● Material for this task:
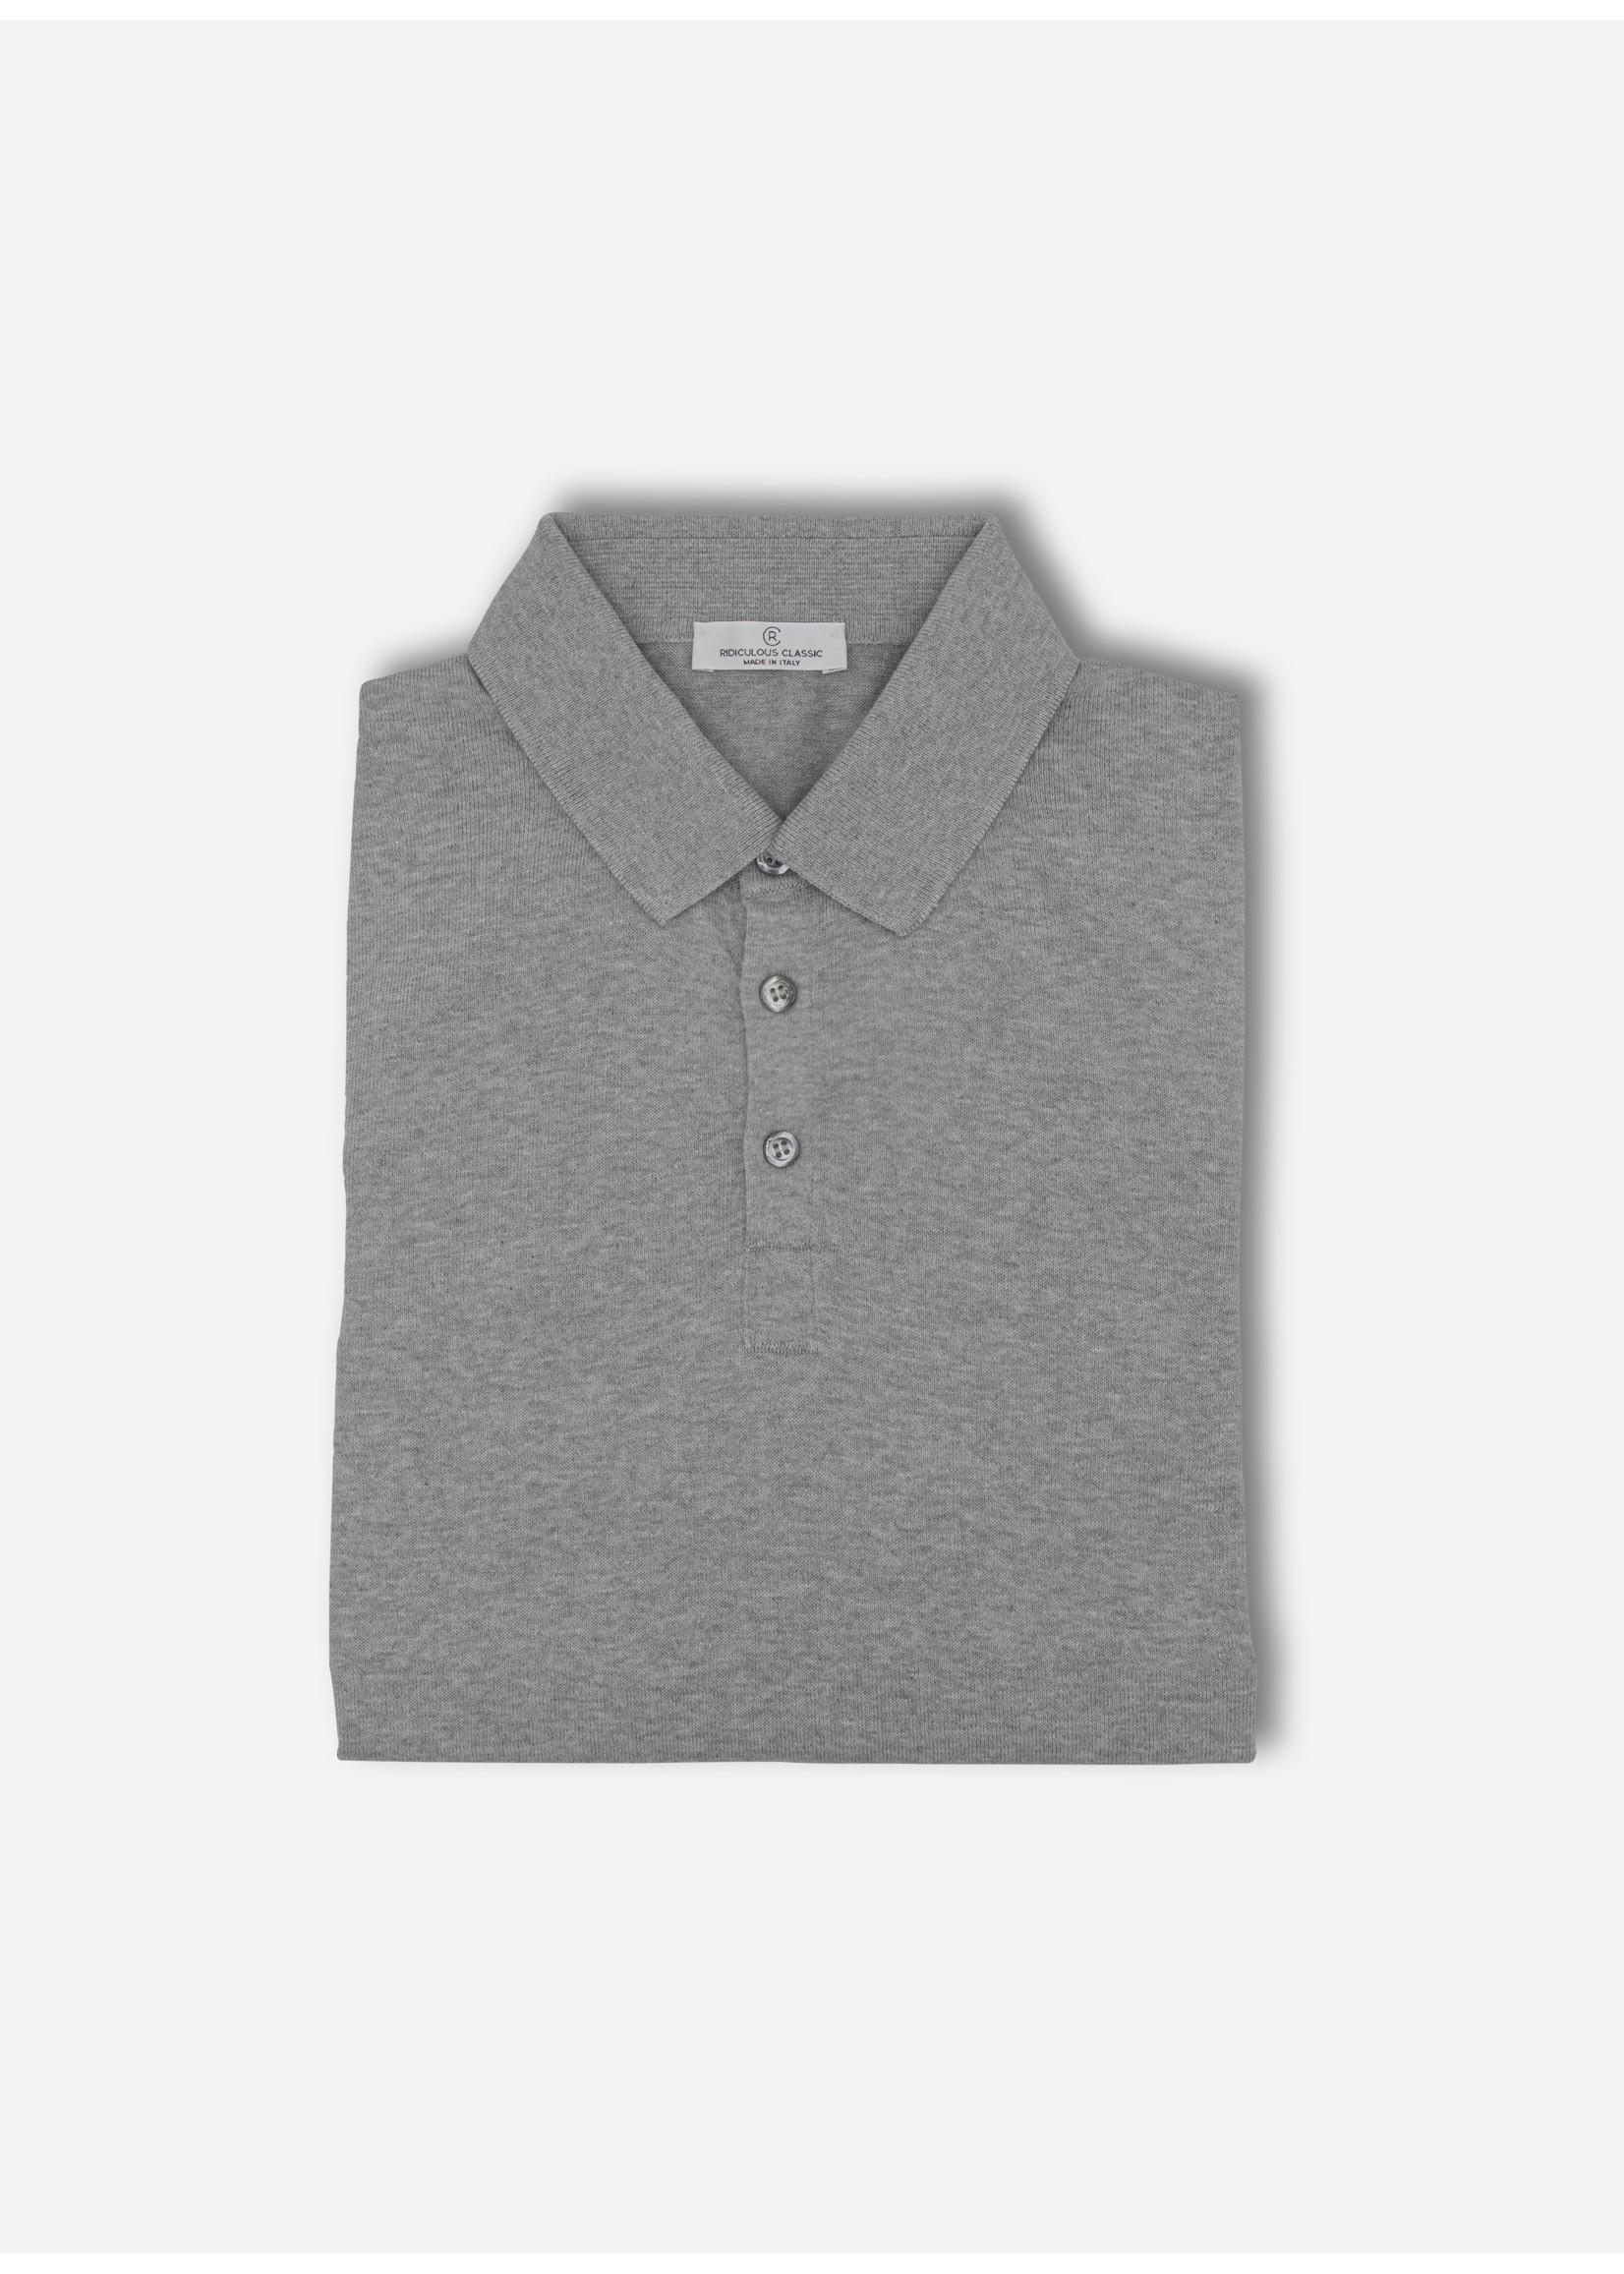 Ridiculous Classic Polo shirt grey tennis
---
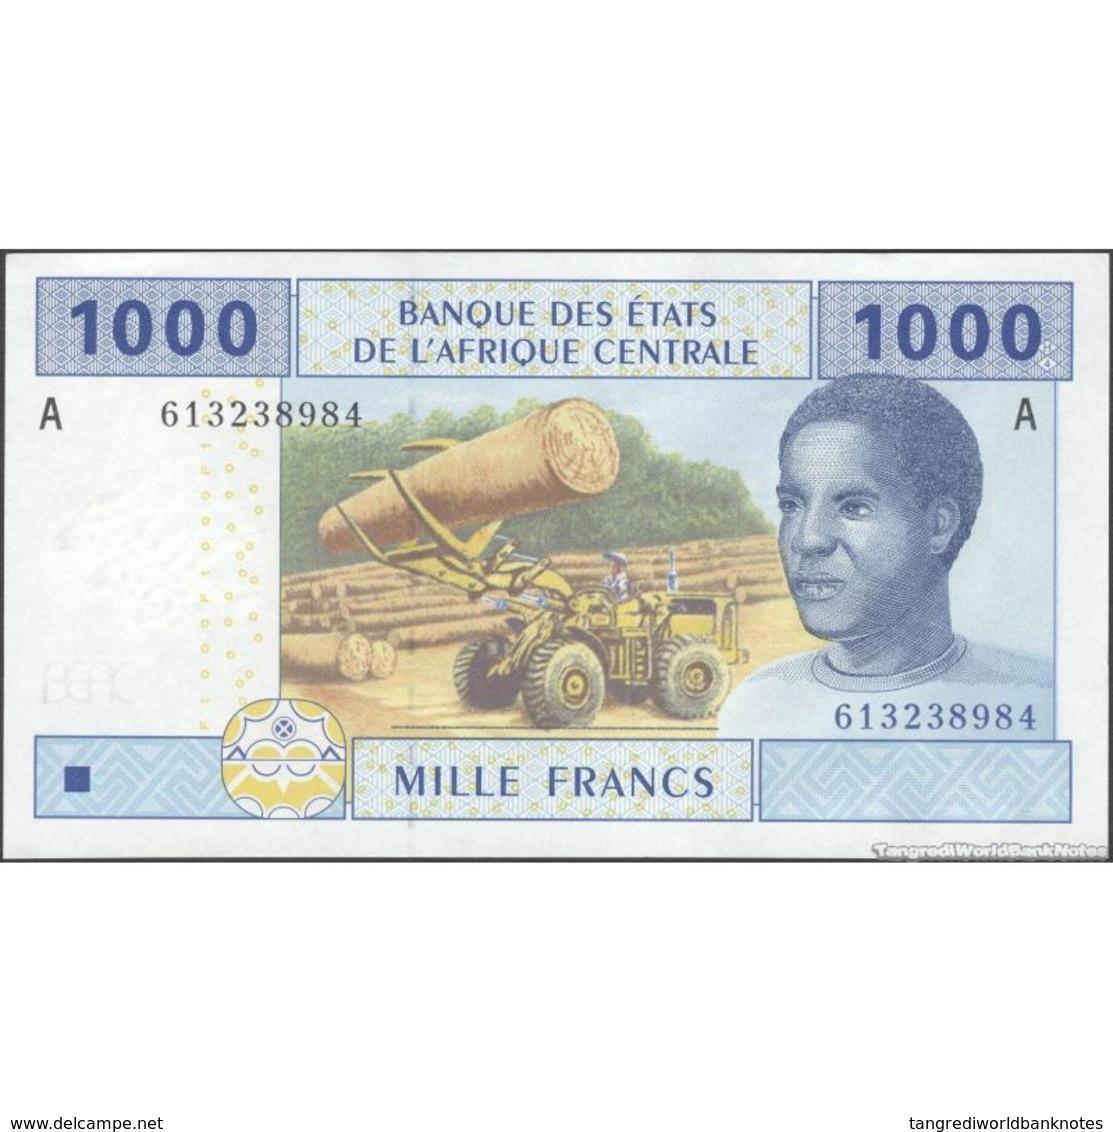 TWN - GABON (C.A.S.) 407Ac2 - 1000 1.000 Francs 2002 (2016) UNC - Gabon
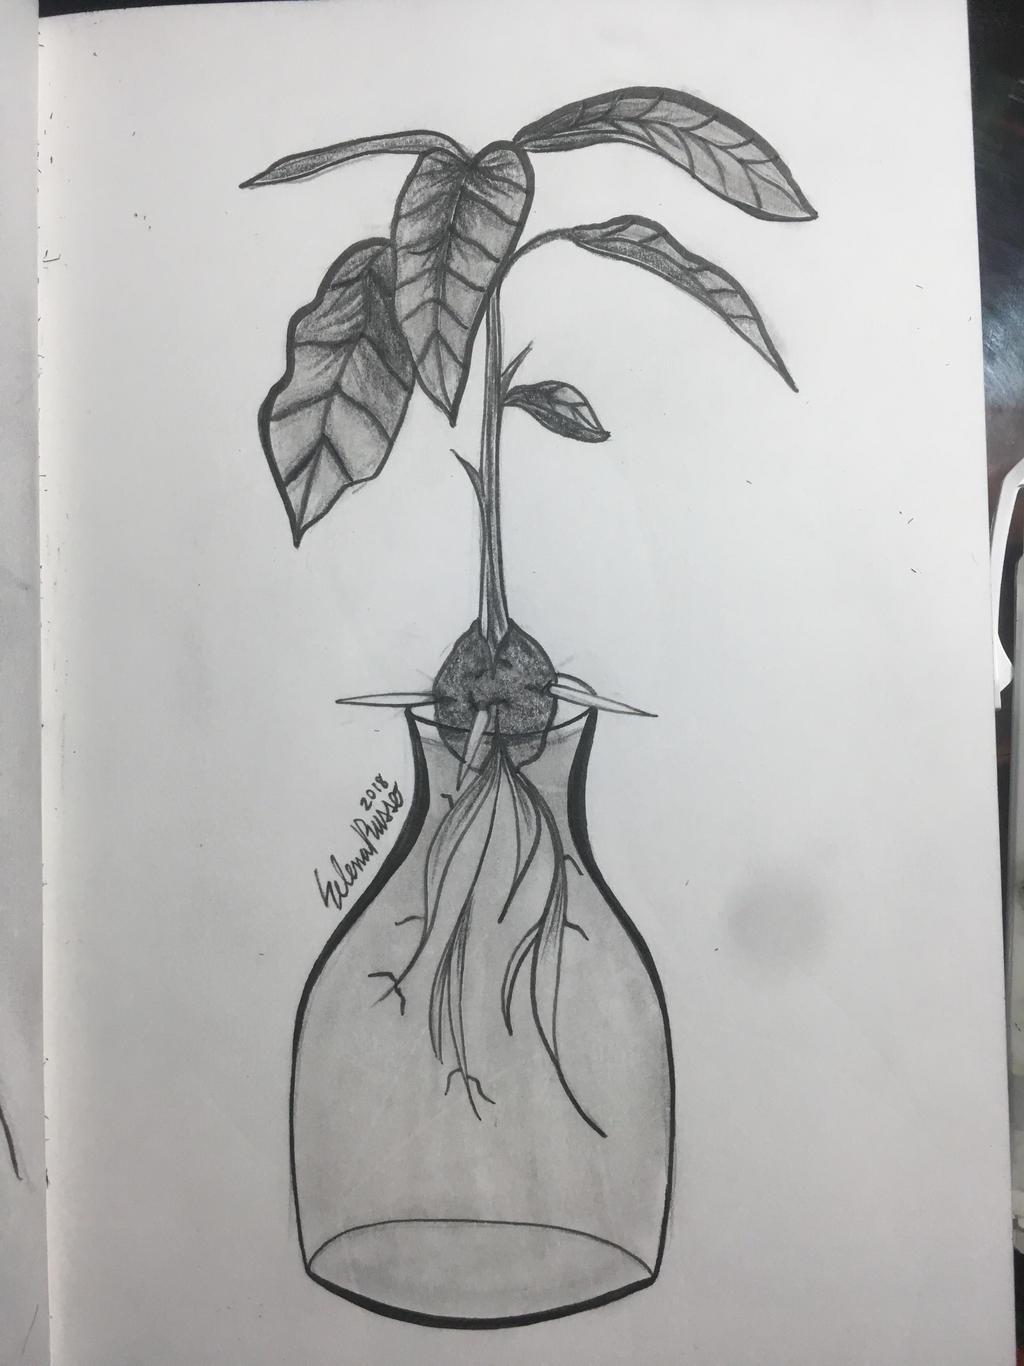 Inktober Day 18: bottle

● Activity: In the material above, the stretch from the line with "TWN - GABON" through the line with "Inktober Day 18: bottle" is to be given again exactly, minus the pictures.

● Expected answer:
 TWN - GABON (C.A.S.) 407Ac2 - 1000 1.000 Francs 2002 (2016) UNC - Gabon
 Inktober Day 18: bottle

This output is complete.